El show se titula, por cierto, ‘A Long Way Down’ (cuyo equivalente aproximado al cristiano sería »Una larga caída»), lo cual no se sabe del todo bien se refiere a los impulsos suicidas de los protagonistas o a la papeleta que nos espera. Como era de esperar, aquí en España, esa milenaria (¿seguro?), extraña (seguro) y sin lugar a dudas graciosísima nación situada en la punta más nórdica de África, nos toca cargar con un título que nada tiene que ver con el original pero que, sorpresas de la vida, se adecua perfectamente a lo visto / sufrido. La lotería se ha decantado esta vez por ‘Mejor otro día’, puñal envenenado que puede clavarse muy maliciosamente en todos los aspectos del filme en cuestión. Por ejemplo, después de ese arranque supuestamente desternillante e insuperable, se podría haber hecho un esfuerzo para tratar que los posteriores golpes de efecto del espectáculo no se vieran tan descaradamente eclipsados por el que sirve a modo de presentación… pero por lo visto, alguien decidió que era mejor dejar esta tarea titánica… para otro día.

 

El »Mejor otro día» convertido pues en mantra de Pascal Chaumeil, quien no desaprovecha el viaje al Reino Unido para lucir en el extranjero su tan característica mediocridad, reconocible no sólo por el agradable envoltorio con el que ésta suele venir empaquetada, sino también por la incómoda moralidad que se le inyecta. Así, tanto ‘Los seductores’ como ‘Llévame a la Luna’ (sus anteriores trabajos), más que ser dos tontas comedias románticas, eran en realidad (sobre todo la primera) dos peligrosos tratados sobre la impunidad (incluso las recompensas) de tratar a la gente como una mierda… con un empate técnico, eso sí, en el tan desgastado ring donde se celebra la eterna guerra de sexos.
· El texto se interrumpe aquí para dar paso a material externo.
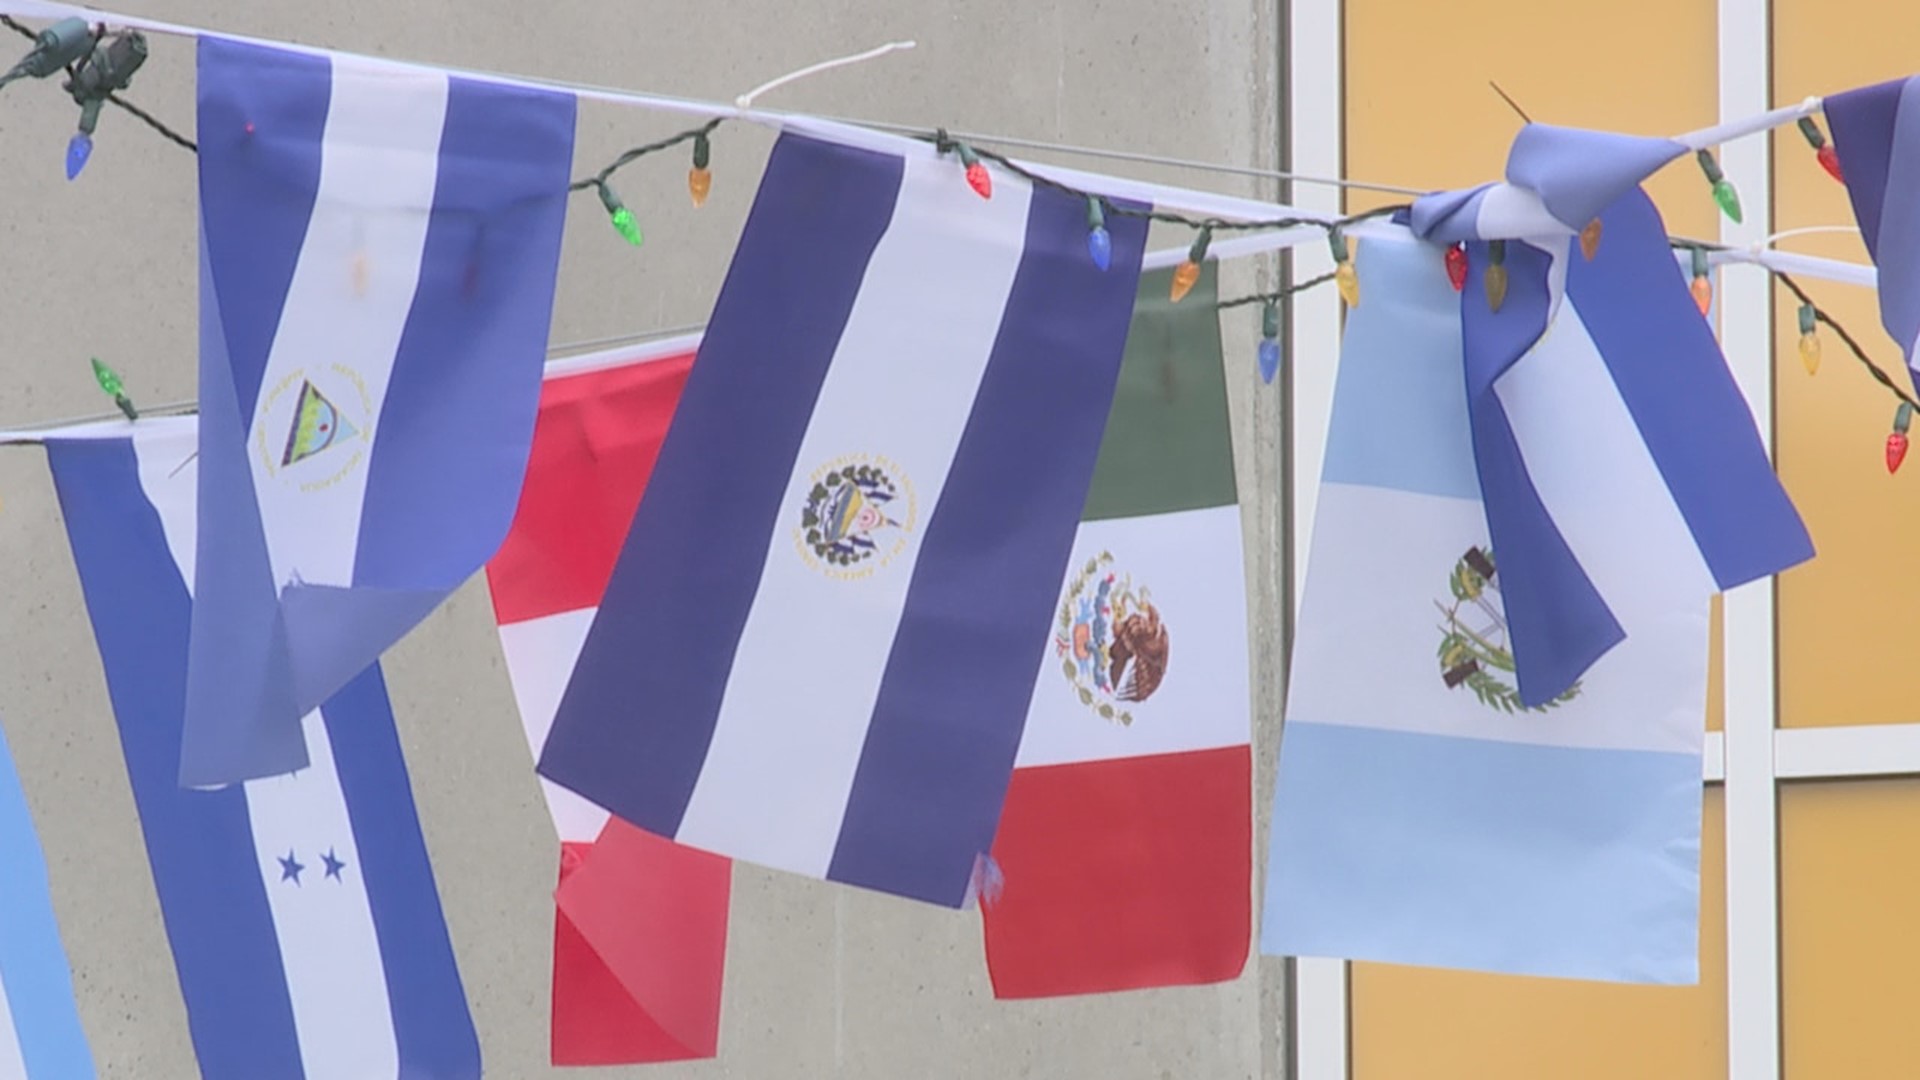 The city of Lancaster hosted its second annual Hispanic Heritage Festival on Saturday and welcomes thousands of guests from all walks of life.

El reto ético-diabólico de su nuevo filme consiste en reírse de aquello de lo que teóricamente debería invitar a la lágrima. Es como si, por ejemplo, a alguien le diera por contar un chiste sobre niños vestidos de payaso que aparecen colgados de un árbol. Cuidado, puede que lo que en boca de unos mocosos significara una revolución de lo más estúpida, en manos de gente más dotada dé algo con más valor, o al menos con más fundamento, más allá de la risa más efímera.

 

Error. El nombre de Nick Hornby, presente en la concepción del material novelístico originario, es un mero espejismo en el desierto de esta fallida feel good movie, patosa, afortunadamente olvidable, mal calculada en la adopción de sus tonos y en su respectiva profundidad y que, por si fuera poco, parece ir a destiempo en todo. Cuando decide ponerse cómica, lo hace en exceso (tómese como indicador de este fracaso las armas interpretativas que Imogen Poots usa para la ocasión) y cuando lo trágico llama a la puerta, opta por la carcajada (véase el sufrimiento Aaron Paul, quien sigue puliendo el arte de la obtención de lo gracioso a través de la híper-condensación de lo dramático). Se sospecha que dicha política no obedece a mala leche alguna, sino a la ineptitud de un director demasiado preocupado por agradar, y no en narrar… mucho menos en transmitir.

 

Así, el lema »Mejor otro día» puede aplicarse también al aprovechamiento de un potencial que cae en el más atroz de los despilfarros. Los jugosos frentes abiertos por la trama (en especial los referente a los mass media) se quedan en la sonrisa más forzada y el cuarteto de grandes nombres que sirven para vender la cinta, da la sensación de que no tengan excesivo reparo por abonarse a la vergüenza ajena, y de que estén más ocupados en ir con el piloto automático del carisma que de darle un auténtico sentido a un texto que, por otra parte, está preso por un secuestrador demasiado torpe. Todos los factores nos llevan pues al mismo destino: un suicidio que, para colmo de males, no se deja para otro día. Nos deja, eso sí, con una pregunta que exige una respuesta inmediata: ¿Qué es más gracioso que una película quedándose sin aire al cabo de un cuarto de hora? Fácil, una película que se queda sin aire al cabo de un cuarto de hora, y protagonizada por un puñado de estrellitas en plena pérdida de la dignidad… sólo que en realidad no es gracioso… ni triste… ni nada.